##### DATASET EXCERPT

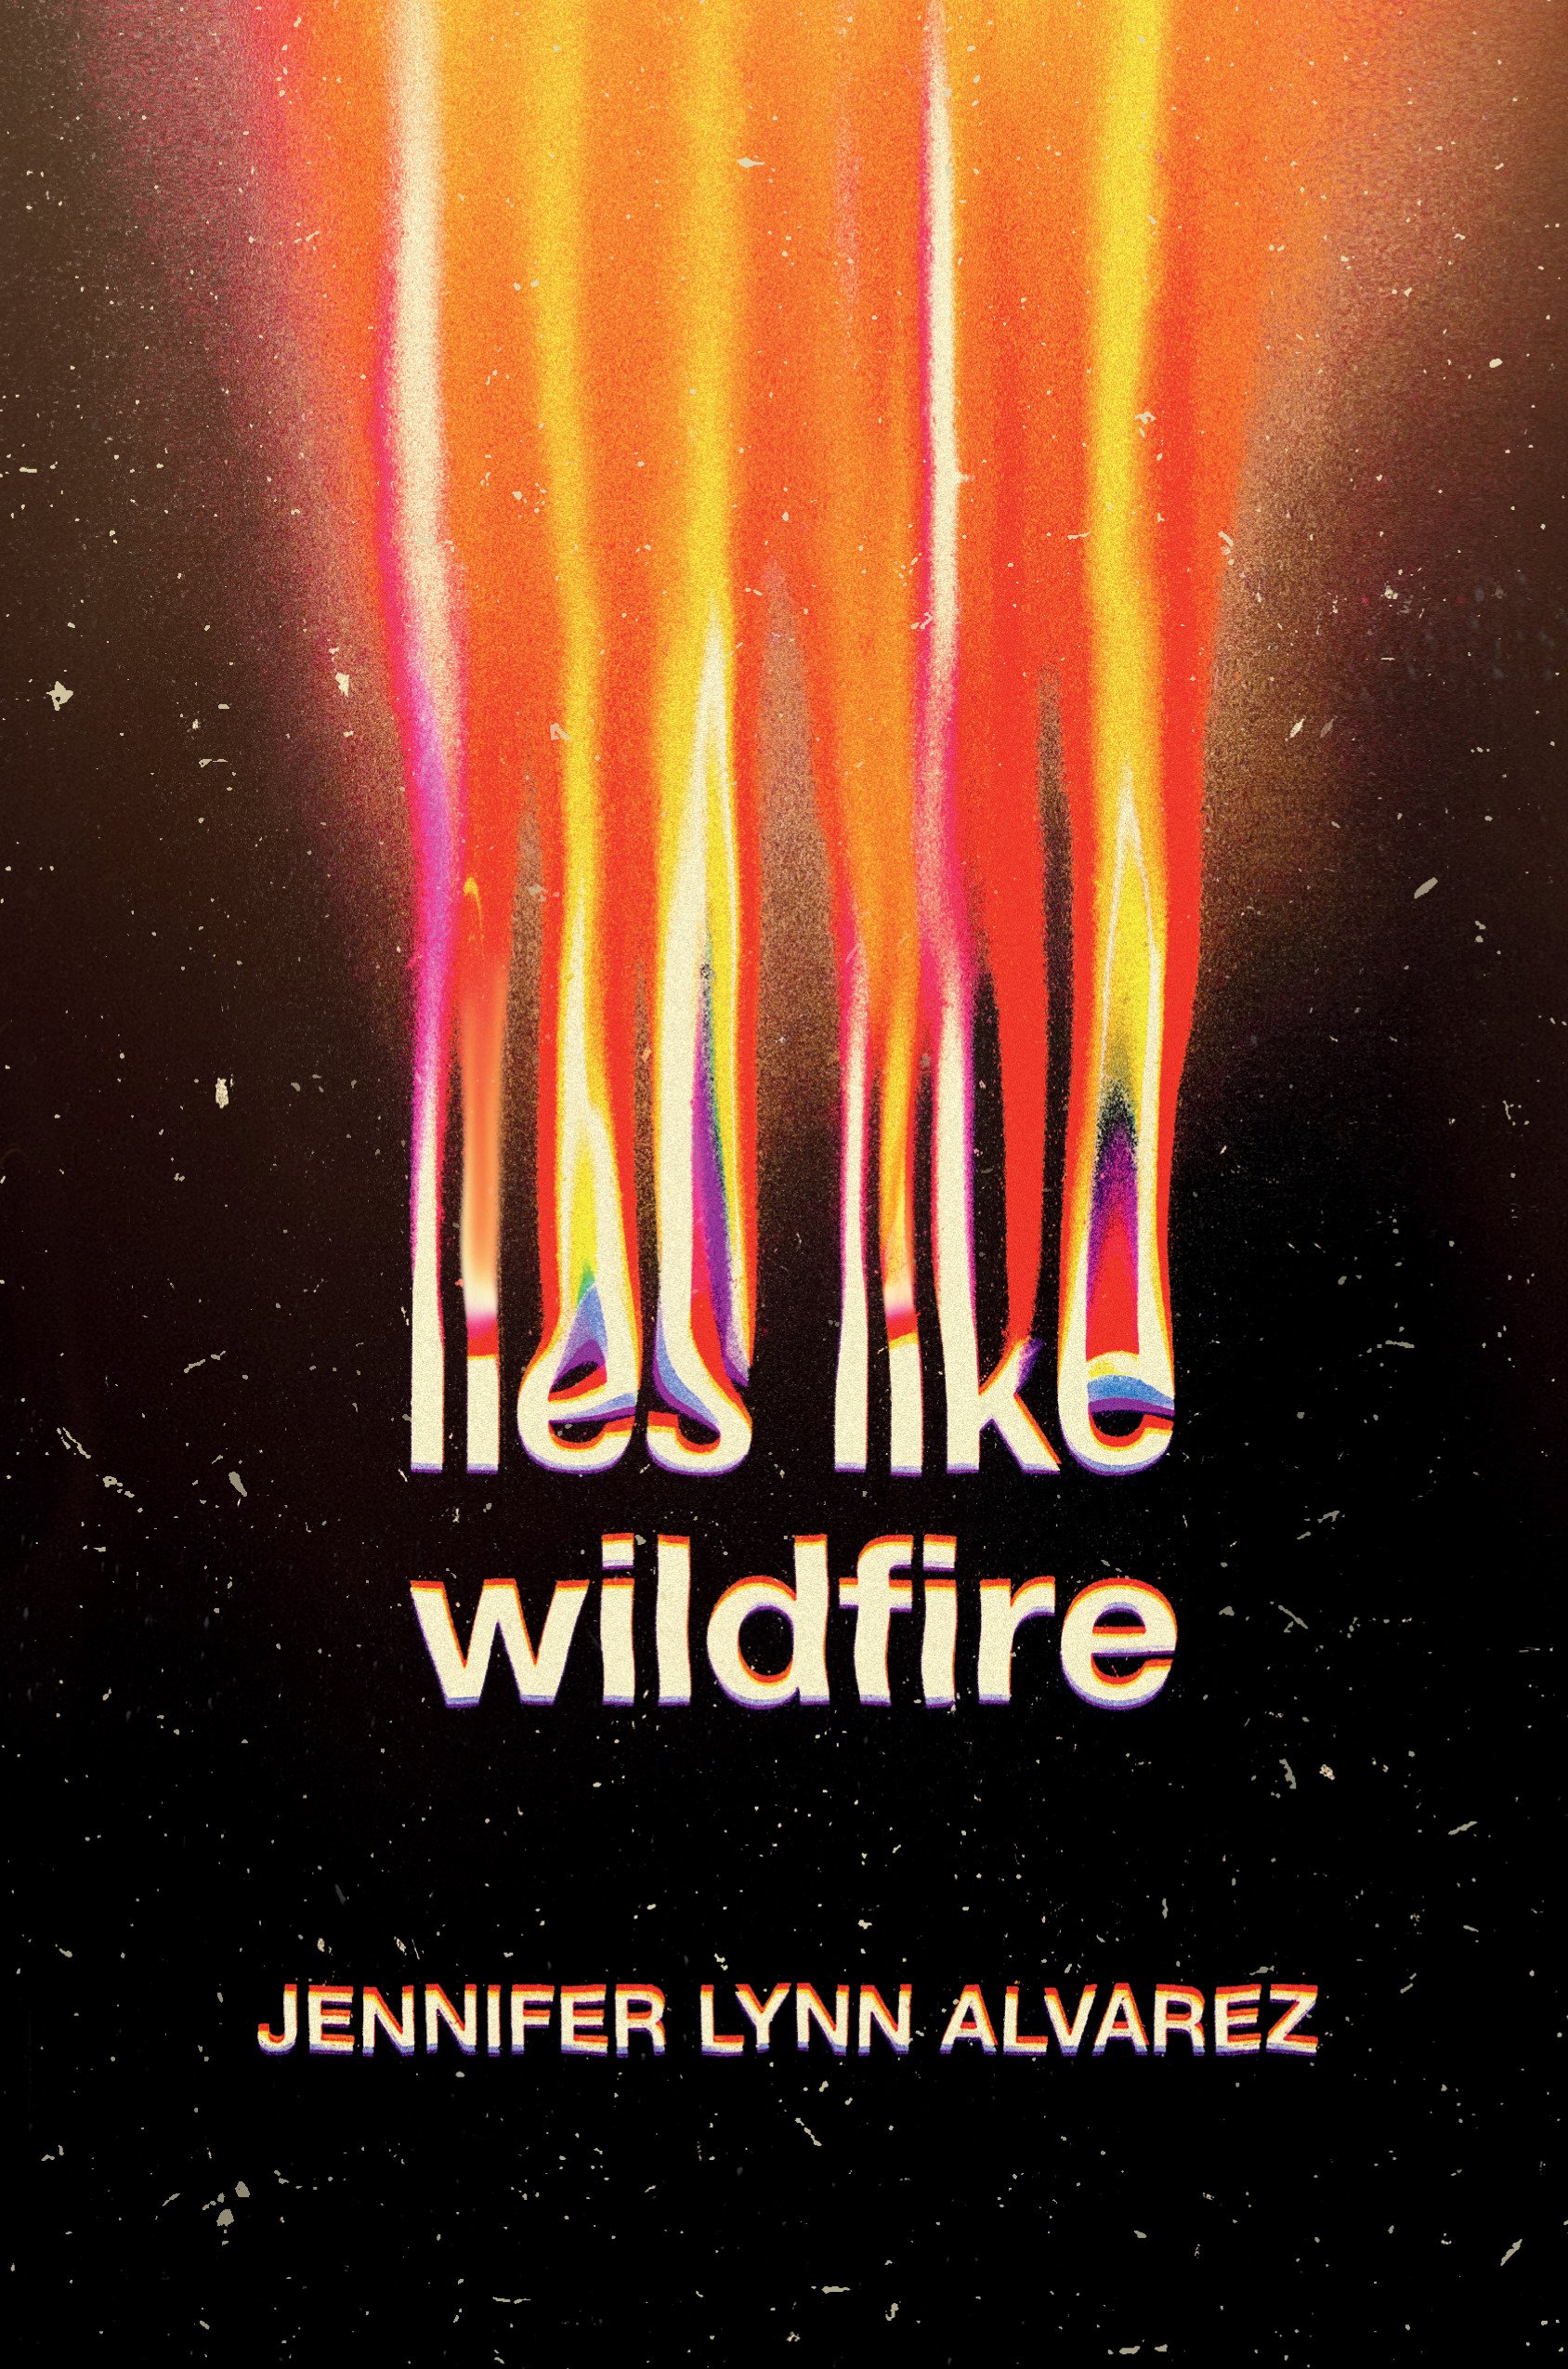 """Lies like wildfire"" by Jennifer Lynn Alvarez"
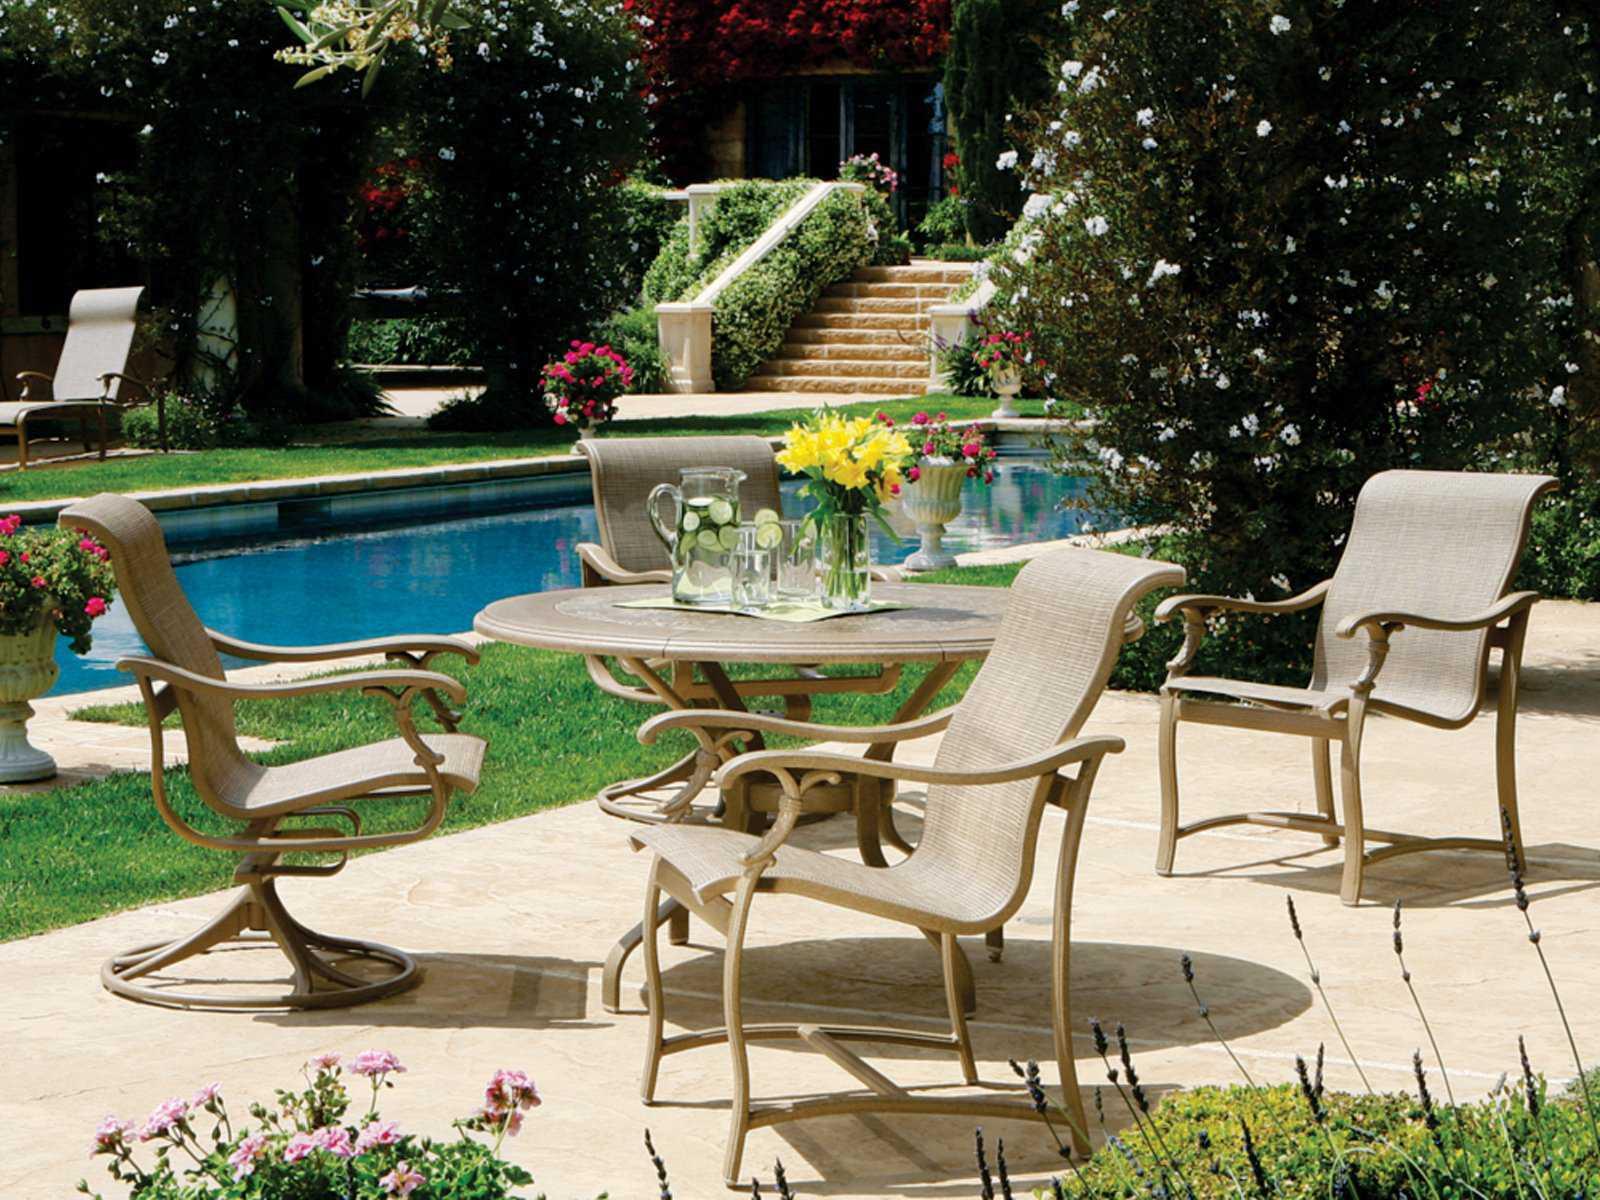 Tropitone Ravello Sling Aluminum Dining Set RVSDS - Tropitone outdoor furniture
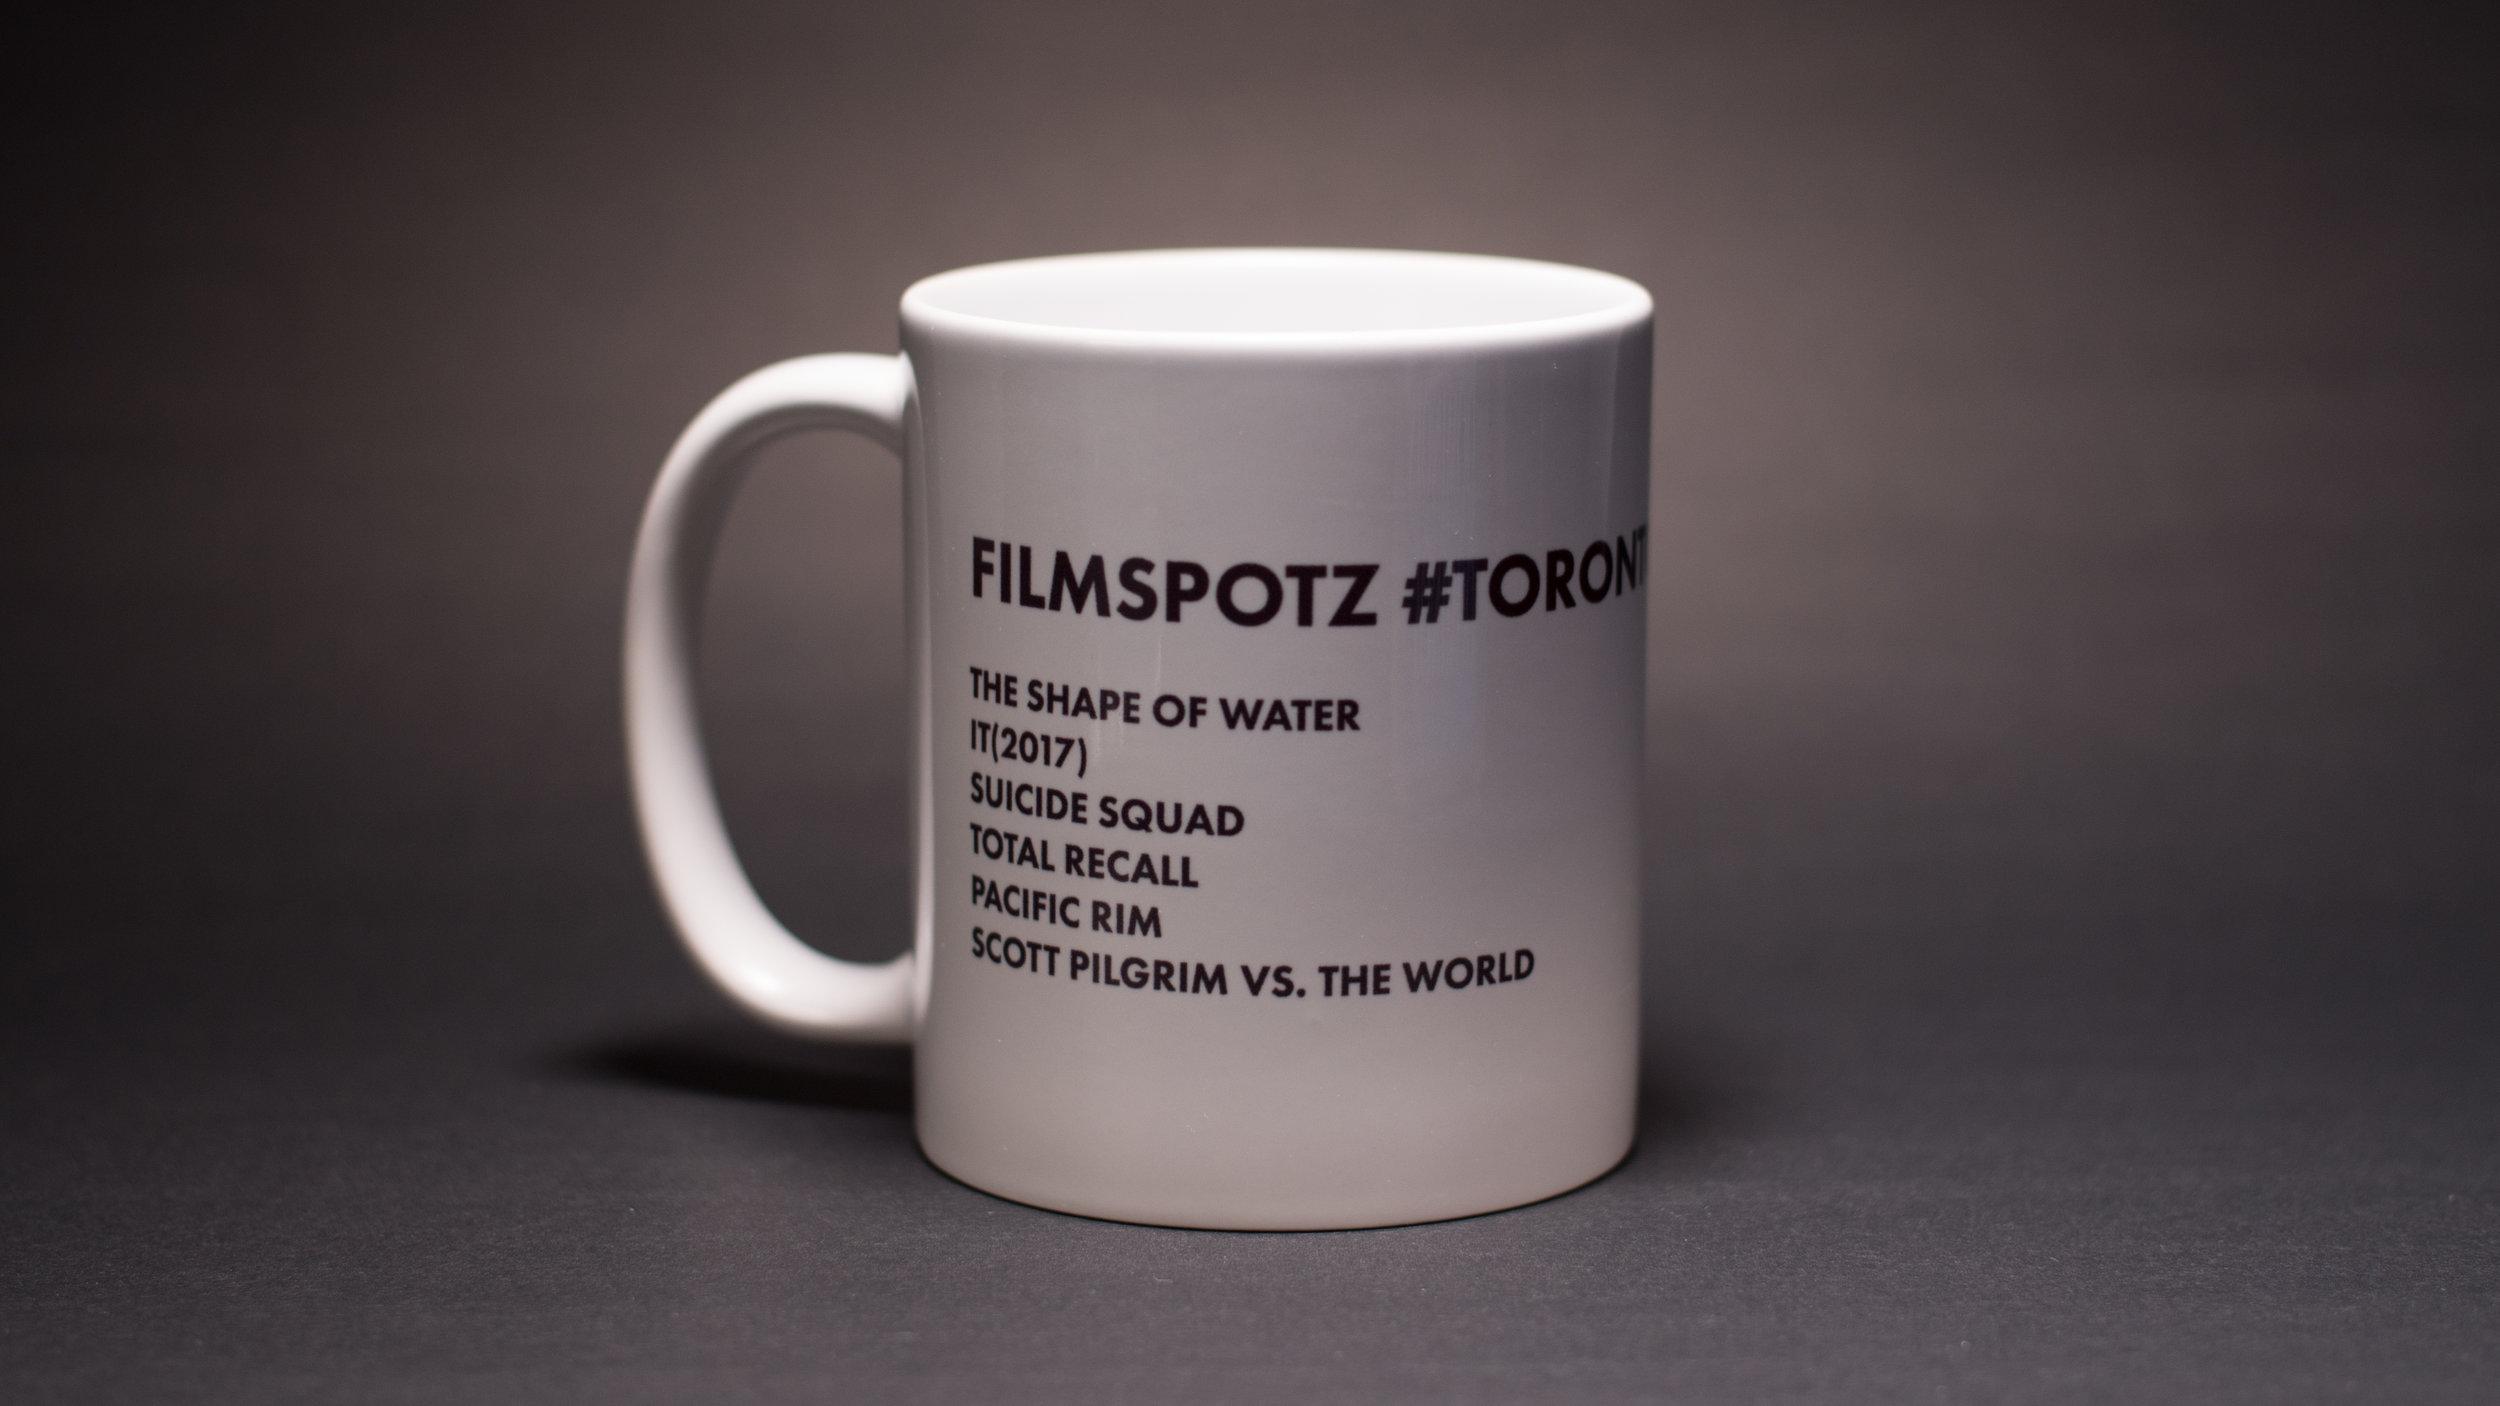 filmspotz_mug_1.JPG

##########

- _EXERCISE DIRECTIONS_
What you return should be all of the material above, exactly, and none of its pictures.

- _ANSWER BELOW_
 """Lies like wildfire"" by Jennifer Lynn Alvarez"
 Tropitone Ravello Sling Aluminum Dining Set RVSDS - Tropitone outdoor furniture
 filmspotz_mug_1.JPG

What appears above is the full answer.